Classifying a person as authentic in order to allow them to get deeper into my life is no different really than probably what most others would classify it as. But to help, let’s use some common examples that are not so serious. In many cases, I am sure most people can tell the difference between a customer service rep who is smiling because they are genuinely happy versus a forced smile because it is what is expected for a job right? I am sure for most people you can natural tell and feel when it is “fake”.
Now in terms of allowing a person in where I need to believe they are authentic first, take it a step further and change the situation to you are like a car sales person and I am the customer who can’t decide what to buy and needs help doing so. All I know is I have X amount of money to spend and want the best value for my needs. Without extreme knowledge about cars I am kind of vulnerable to marketing tactics and sales pitches.
Generally speaking, you as the sales person should have a pretty good natural feeling on whether or not I am letting you into my “deeper zone.” Example, I will start to share in-depth stories with you on why I need the car and my life happenings so that you get a true feel as to what I am all about as I trust you are authentic when it comes to being passionate about cars and wanting me to get the best deal. I would also genuinely want to learn more about you as if you were my friend to further solidify my trust in allowing you into my zone.
If I thought you were just like some used car salesmen who didn’t really have passion for the stuff you are selling and just wanted to make the sale at the highest price tag possible then I wouldn’t do that. Because if I just outright told you I knew nothing about cars and you were unauthentic then you would use that to abuse my wallet right?

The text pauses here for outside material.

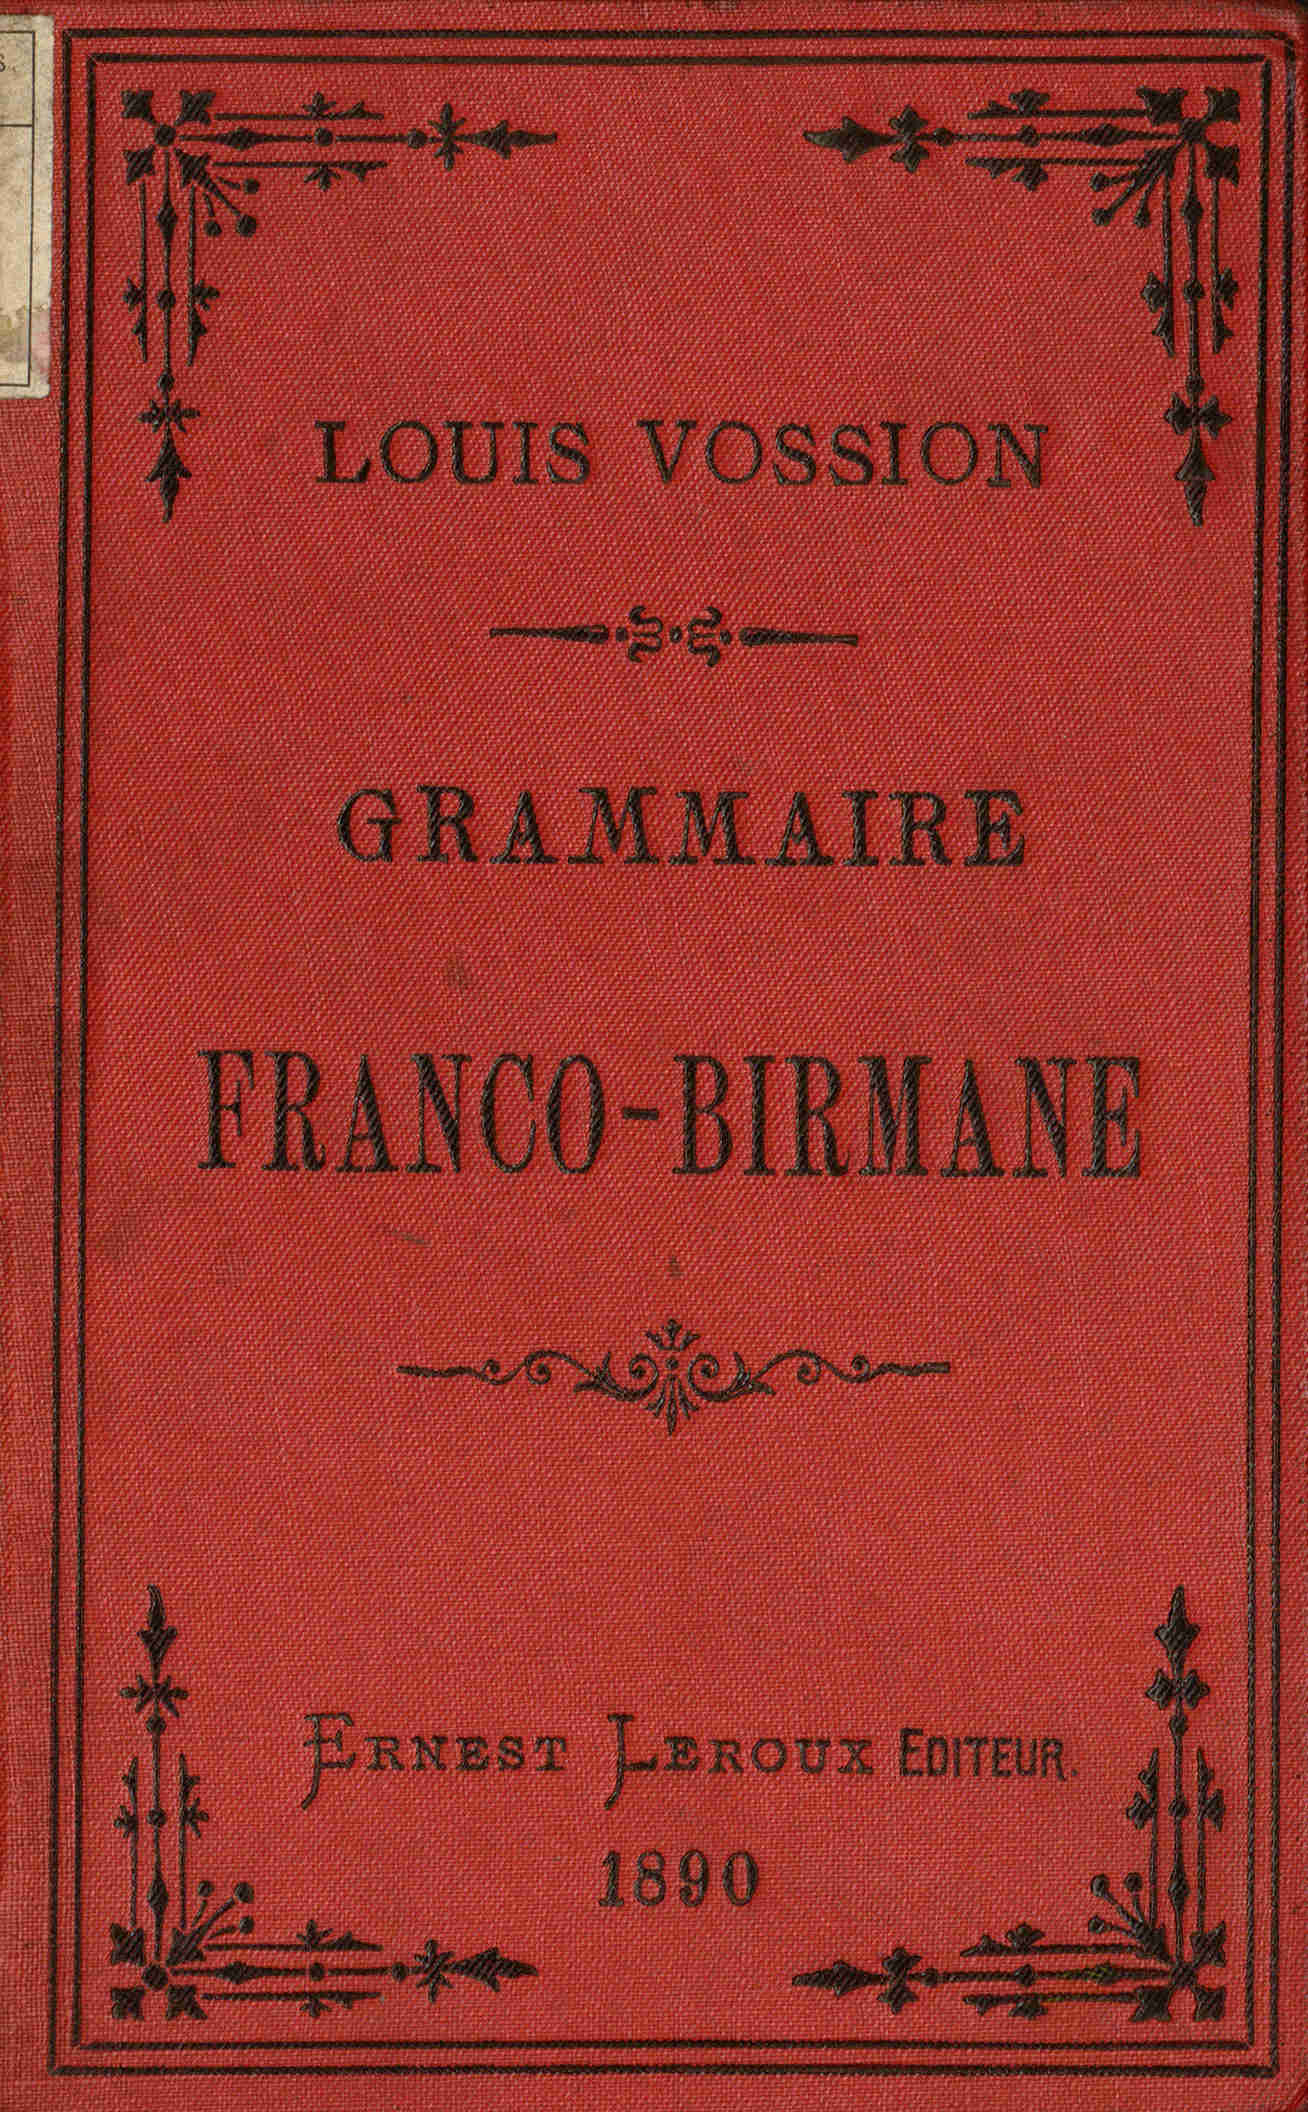 Grammaire franco-birmane

I would simply just say things like “I just need a car to get to work” while coming in with all my researched data to try and ensure that I am getting the best deal. The contrast can be like night and day where it should be very apparent if I feel you are authentic or not.
In essence, it is virtually all the same when it comes to a relationship in general and knowing if a person like me is allowing you into my deeper zone. The added complexity is of course if we are talking about a love sort of relationship there are more zones/layers to this as it is not just a customer and employee relationship.

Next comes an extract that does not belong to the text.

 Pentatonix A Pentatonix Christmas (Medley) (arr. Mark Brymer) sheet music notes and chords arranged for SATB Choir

While keeping all this in mind, let’s now use an example of a relationship. Let’s say there is a girl who I feel isn’t pure and compassionate. Example, I have seen her break other people’s belongings with no consideration as she has a “I don’t care since it’s not mine” attitude. Now for whatever reason she is now pursuing me to see if a relationship can be built and seems to be acting nice. My interaction with her will in-turn be very straight to the point. If she needs help then I’ll help and then be on my way. When we have regular conversations I wouldn’t be inclined to mention anything about meaningful life challenges that I have or am experiencing because based on what I know at the moment about her character it’s not someone I want in my life in a frequent manner. In many ways, it is like being skeptical of the used car sales person. However, I would still give them a bottle of water if they were in dire need of one.
Now let’s say there is a girl who I think exhibits some extremely good characteristics of things like compassion and perseverance. If she asks me for help I’ll do it and then follow up by making sure she doesn’t need help with anything else or even sharing personal experiences that are similar to what she just went through. During regular conversations I would be inclined to share past or current challenges where I am giving you the opportunity to know about me on a deeper level which you can then do as you please with it. Because I think you are an authentic person I feel comfortable in doing this. Your actions with what you do with that information aids me to get the true big picture on how we relate or connect.

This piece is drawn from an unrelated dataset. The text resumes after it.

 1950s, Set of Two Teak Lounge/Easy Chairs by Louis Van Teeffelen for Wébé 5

With the two examples I wrote, it should be extremely evident again on which person I am viewing as the authentic one to allow deeper into my life. If you think about it, is it truly any different in essence then what everyone else does in terms of how they would treat people who they feel are authentic? My main thought would be some people just do it in a different style. Like with the first person they would just be confrontational about it and say scram. However, because for a person like me I usually want to help others the only real difference is I am more consistent in simply being friendly/professional about it.